From   Maarten buis <maartenbuis@yahoo.co.uk>
To   statalist@hsphsun2.harvard.edu
Subject   Re: st: Difference between Monte Carlo simulation and the parametric bootstrap
Date   Mon, 23 Jun 2008 19:12:58 +0100 (BST)

--- Richard Sperling <rsperling@rcn.com> wrote:
> I would appreciate it if someone could clarify the distinction
> between Monte Carlo simulation and the parametric bootstrap. If I'm
> not mistaken, one use of Monte Carlo simulation is to assess the
> sampling distribution of an estimator. In contrast, the parametric
> bootstrap is used to estimate the variance of a statistic and its
> sampling distribution.
> 
> But don't both the Monte Carlo method and parametric bootstrap
> require specifying a data generating process? It is at this point
> where I'm a little confused and fail to see the distinction between
> the two methods.
> 
> Also note that I am not talking about the non-parametric bootstrap.

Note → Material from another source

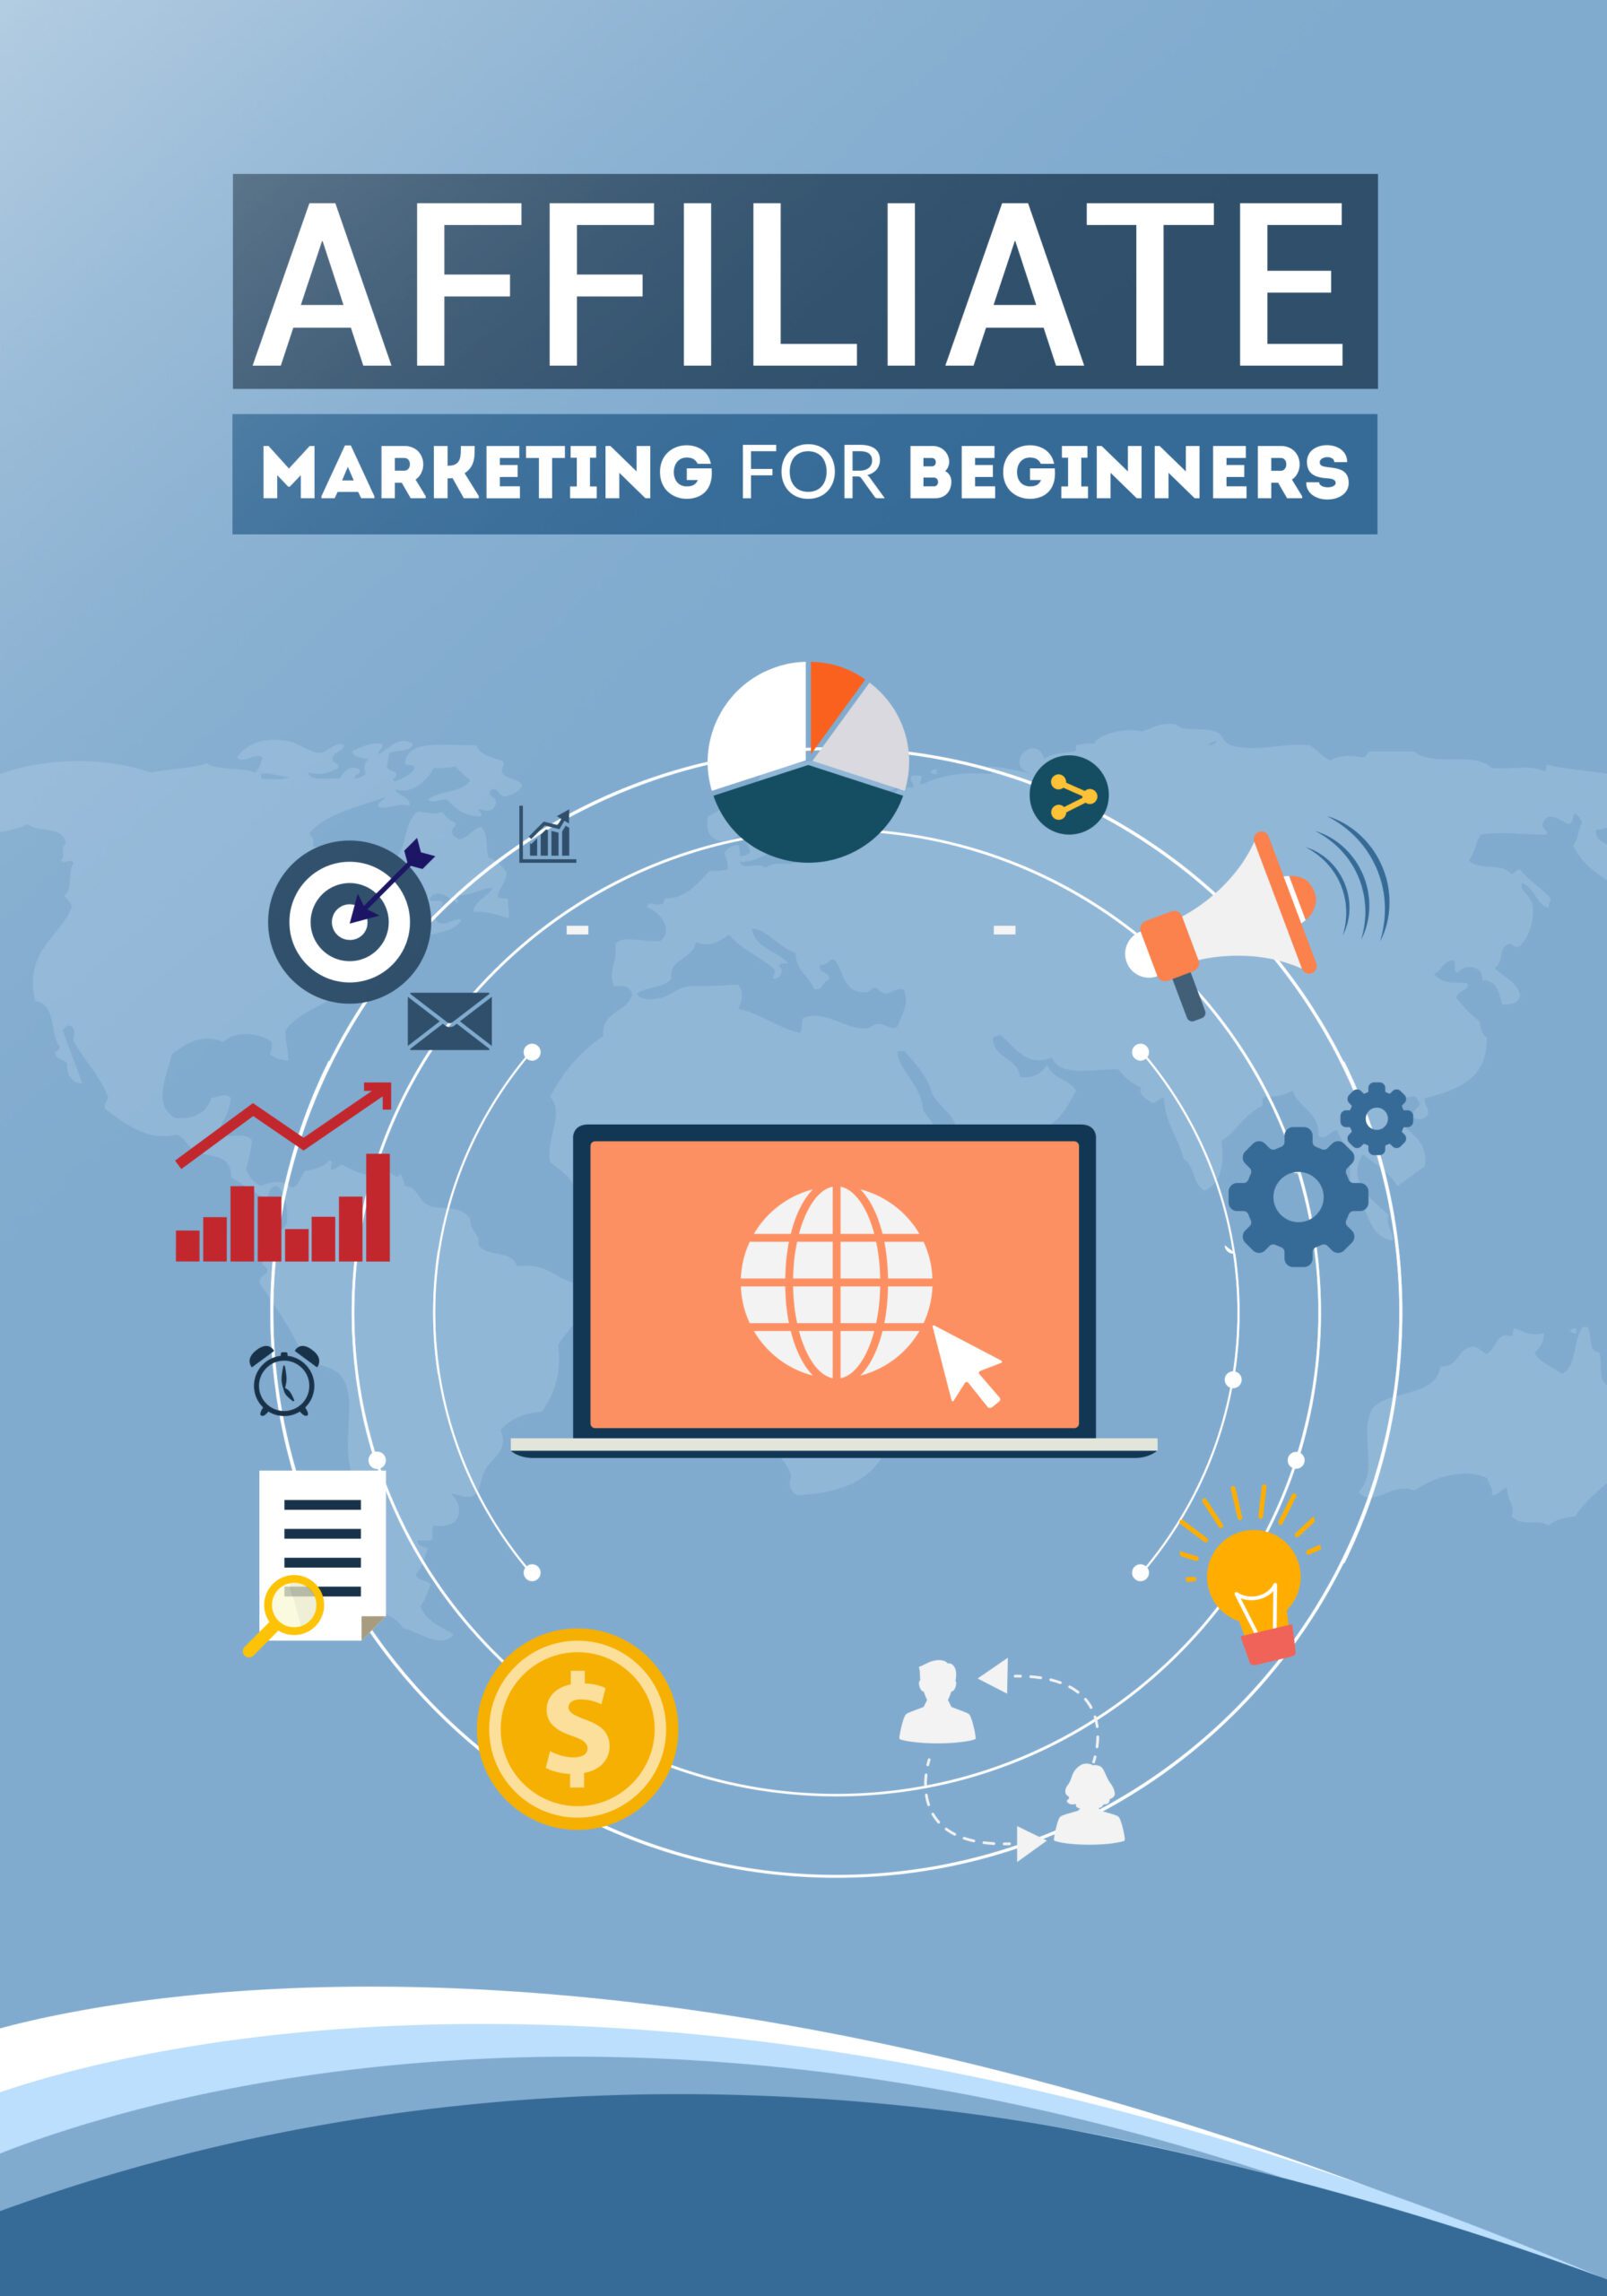 eBook on Affiliate Marketing for Beginners

In principle both the parametric and the non-parametric bootstrap are
special cases of Monte Carlo simulations used for a very specific
purpose: estimate some characteristics of the sampling distribution.
Remember that the sampling distribution of statistic could be obtained
if we could draw many samples from the population and compute a
statistic in each sample. The idea behind the bootstrap is that the
sample is an estimate of the population, so an estimate of the sampling
distribution can be obtained by drawing many samples (with replacement)
from the observed sample, compute the statistic in each new sample. In
case of the parametric bootstrap you add some extra restrictions while
sampling from the data, but that does not change the point here. 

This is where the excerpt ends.